There's a second problem too (oops), I can't write back to the client who connect to my epoll-ed Unix socket. My daemon application will hang and hog CPU > 100% for ever. Yet nothing is written to the clients end. Am sure the client (a very typical PHP socket application) hasn't closed the connection whenever this is happening - no error(s) detected either. Any ideas?
I cannot figure-out whatever is wrong even with Valgrind, GDB or much logging. Kindly help where you can.
Yes, read/write are thread-safe. But beware of gethostbyname() and getservbyname() if you're using them - they return pointers to static data, and may not be thread-safe.

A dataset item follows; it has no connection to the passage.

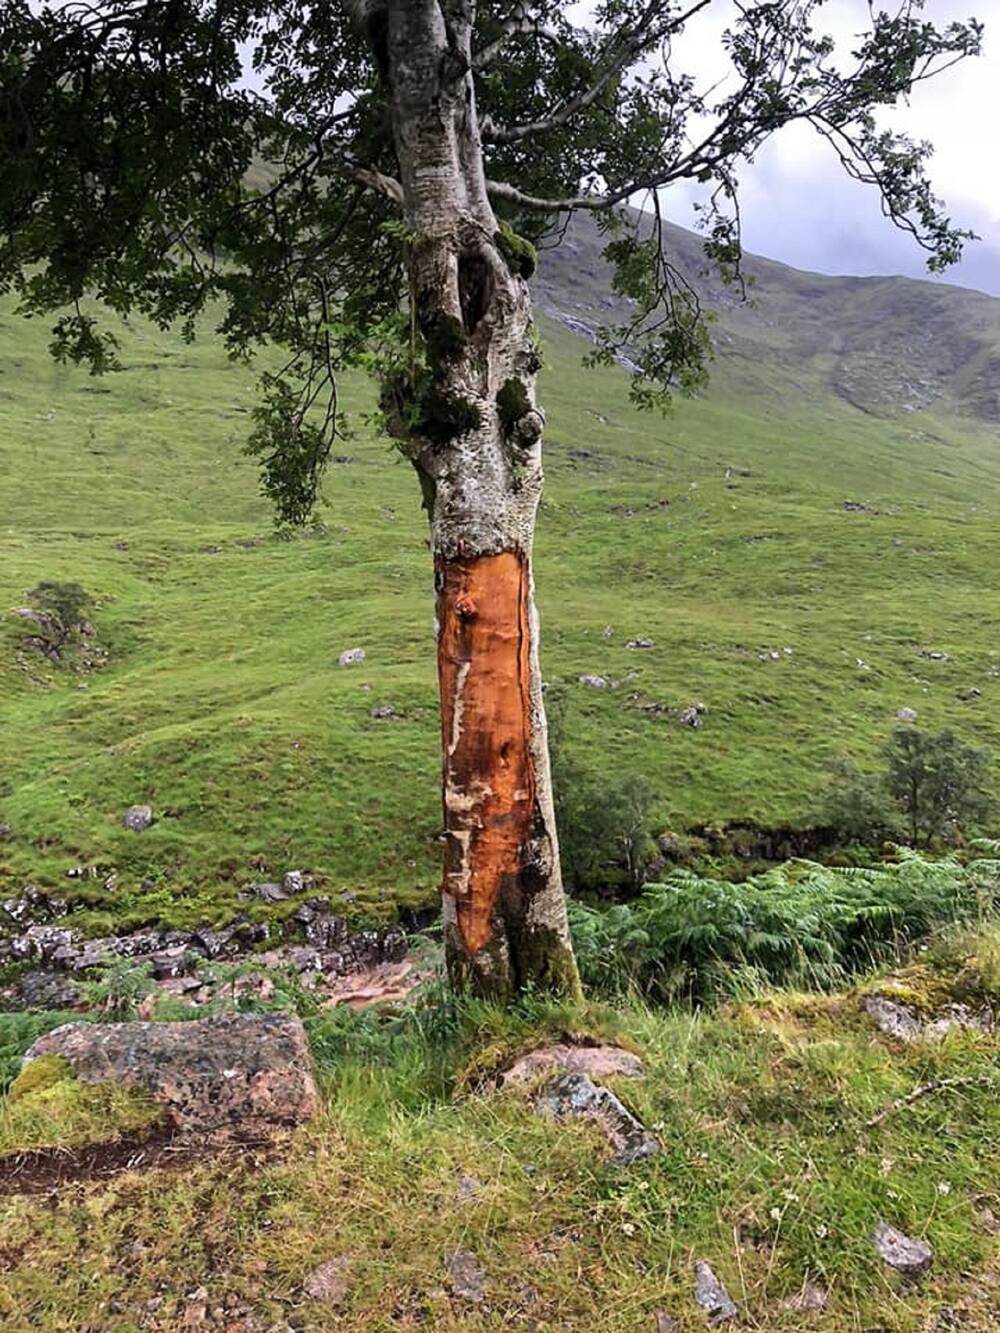 A solitary tree grows on a hillside, with open ground seen in the background. A large section of its trunk has been stripped and scored away, leaving a bad scar on the tree.

errno 104 is ECONNREFUSED (not EINTR). Use strerror or perror to get the textual error message (like 'Connection reset by peer') for a particular errno code.
The best way to figure out what's going wrong is often to do very detailed logging - log the results of every operation, plus details like the IP address/port connecting to, the number of bytes read/written, the thread id, and so forth. And, of course, make sure your logging code is thread-safe :-)
Getting an ECONNRESET after 10 minutes sounds like the result of your connection timing out. Either the web server isn't sending the data or your app isn't receiving it.
To test the former, hookup a program like Wireshark to the local loopback device and look for traffic to and from the port you are using.
For the later, take a look at the epoll() man page. They mention a scenario where using edge triggered events could result in a lockup, because there is still data in the buffer, but no new data comes in so no new event is triggered.